═══ Dataset extract

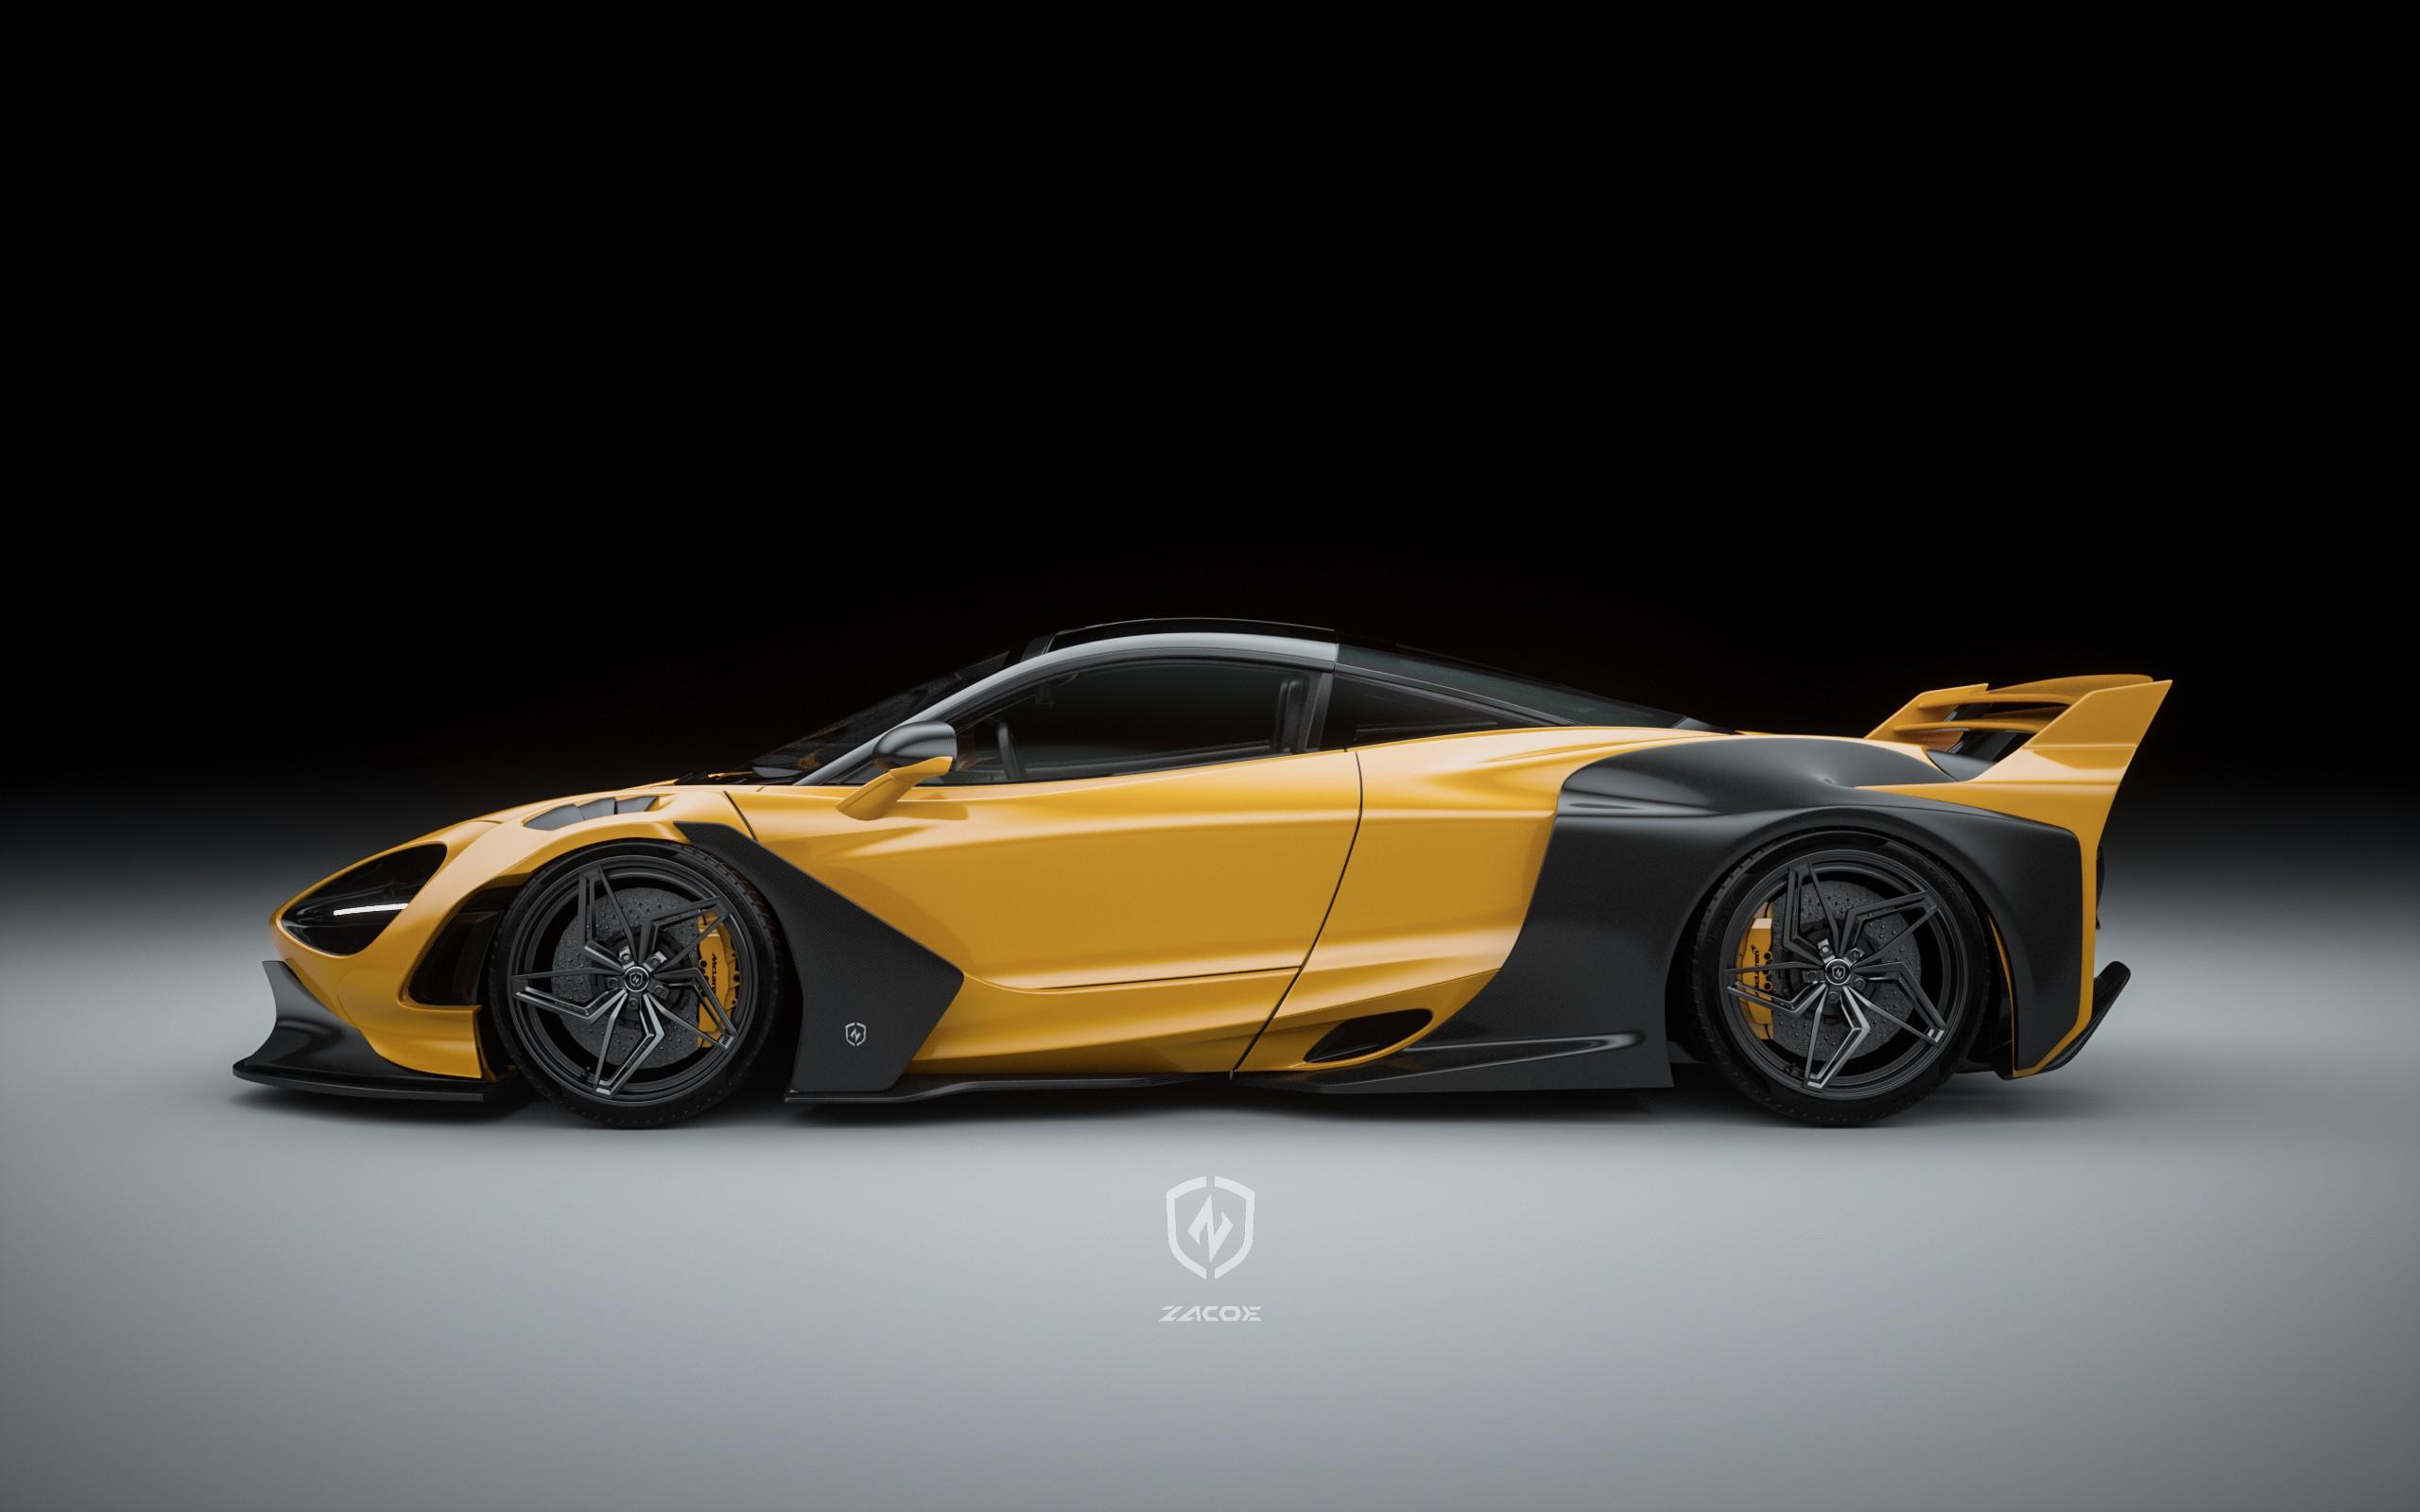 McLaren-720S-by-Zacoe-4
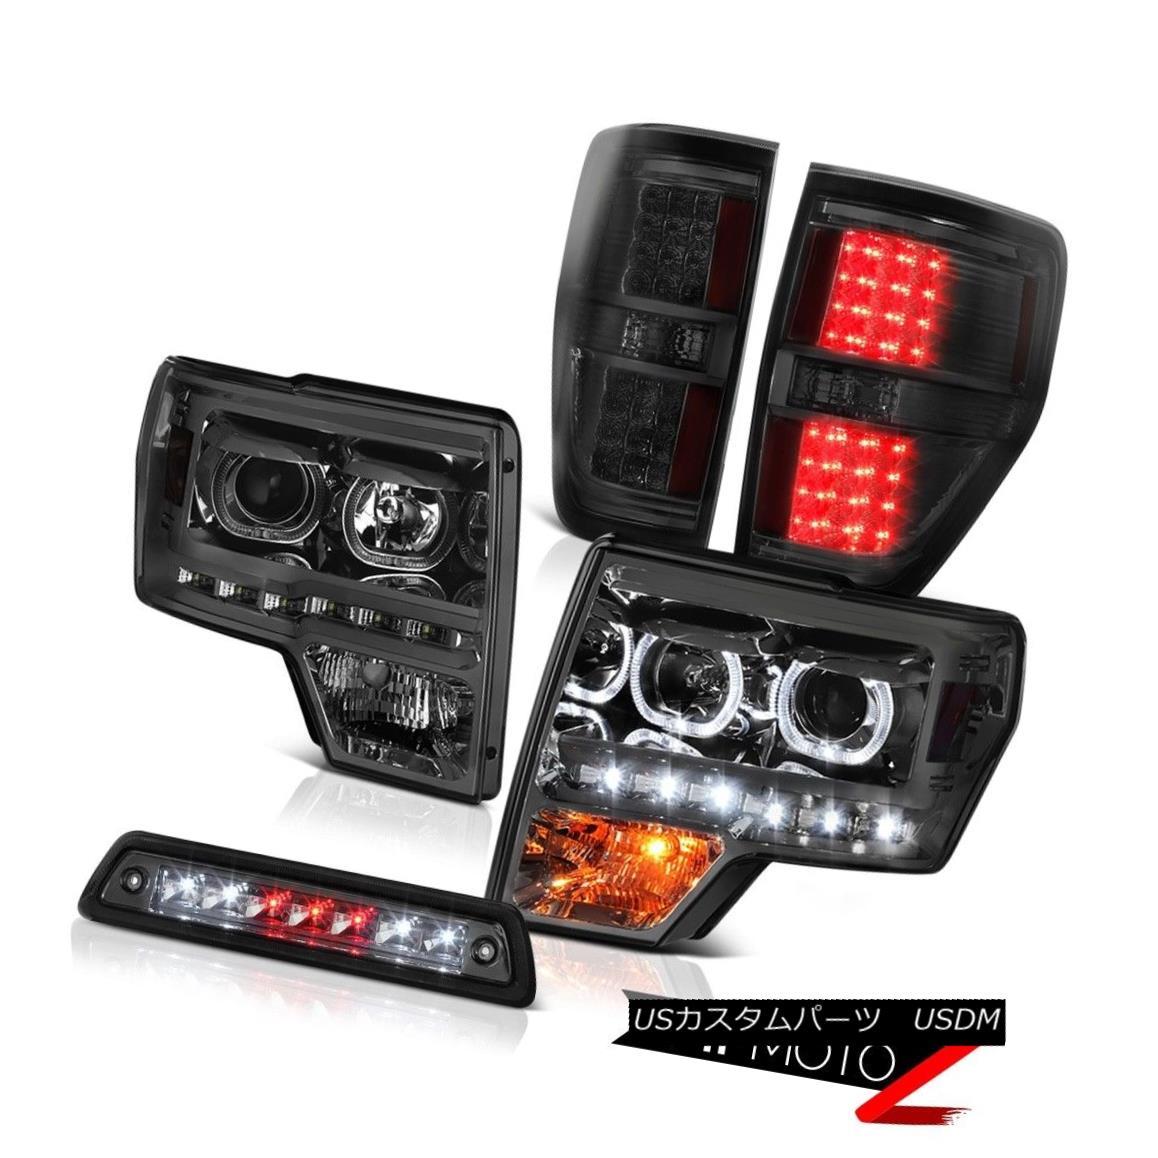 テールライト 09-14 F150 STX Smoked third brake lamp parking lights Headlights SMD Angel Eyes 09-14 F150 STXスモークサードブレーキランプパーキングライトヘッドライトSMD Angel Eyes
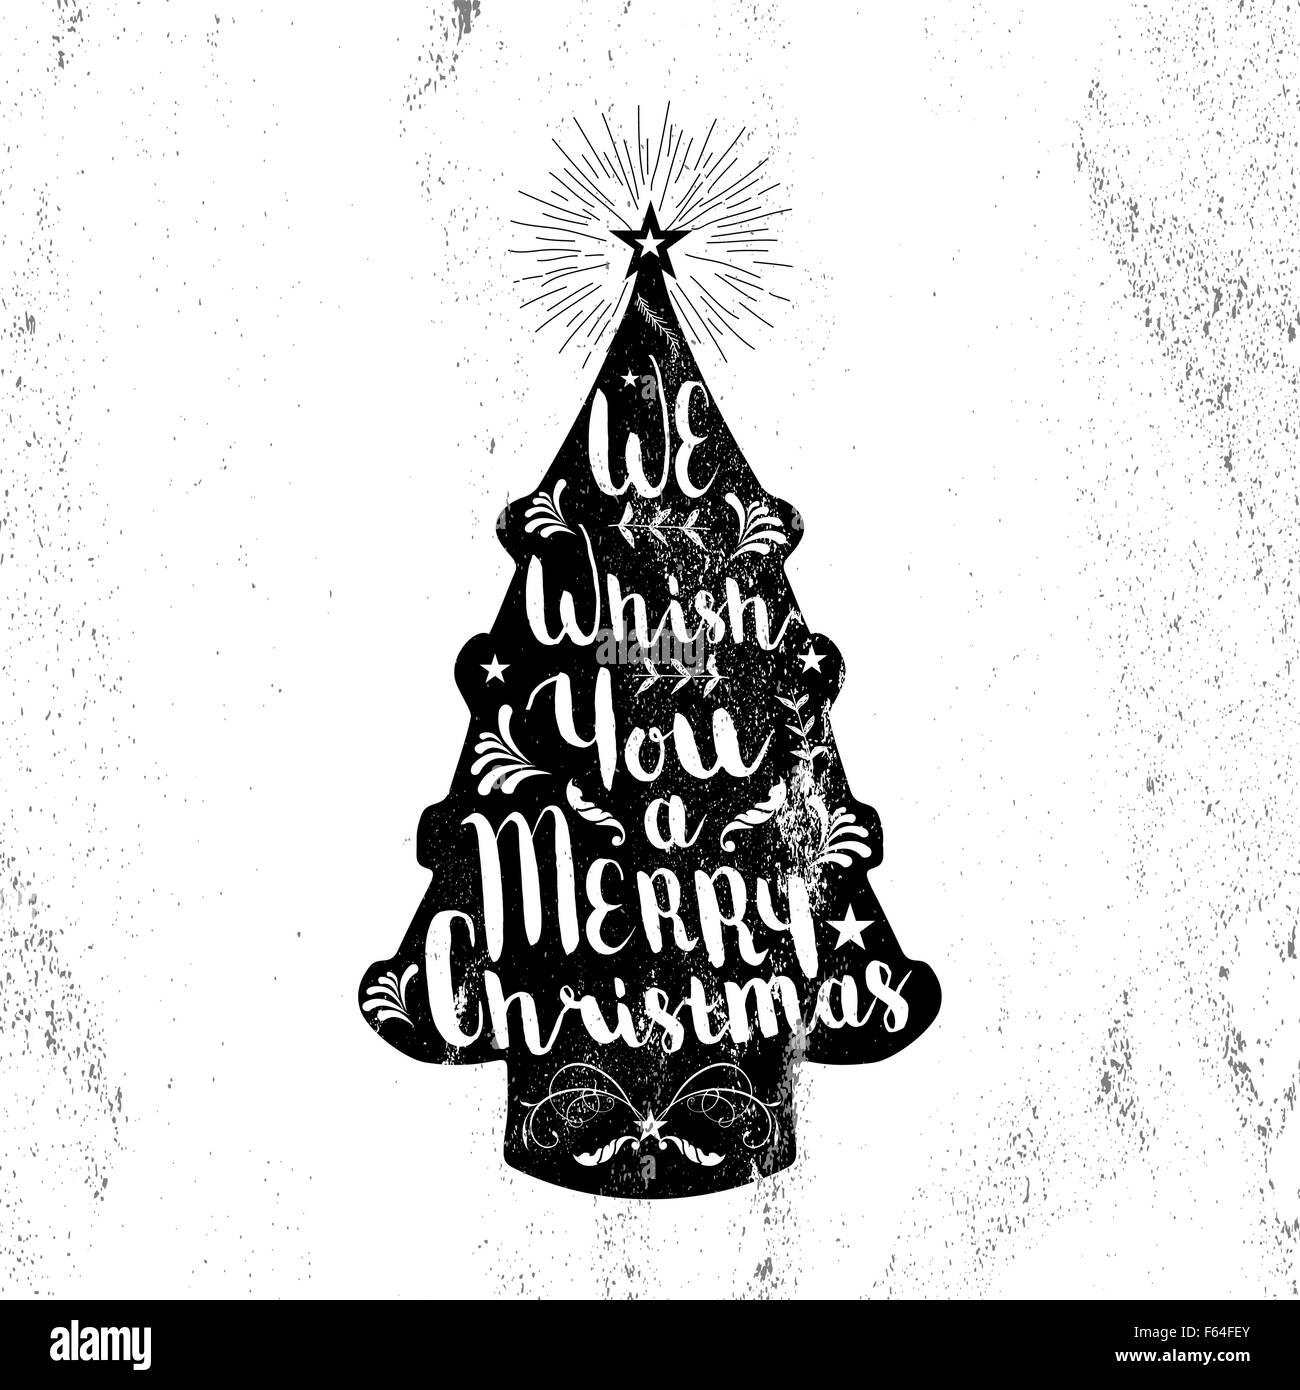 frohe weihnachten schwarz wei hipster kiefer baumform auf. Black Bedroom Furniture Sets. Home Design Ideas

══════

What this task involves -
Reprint the data verbatim, pictures excluded.

Answer space -
 McLaren-720S-by-Zacoe-4
 テールライト 09-14 F150 STX Smoked third brake lamp parking lights Headlights SMD Angel Eyes 09-14 F150 STXスモークサードブレーキランプパーキングライトヘッドライトSMD Angel Eyes
 frohe weihnachten schwarz wei hipster kiefer baumform auf. Black Bedroom Furniture Sets. Home Design Ideas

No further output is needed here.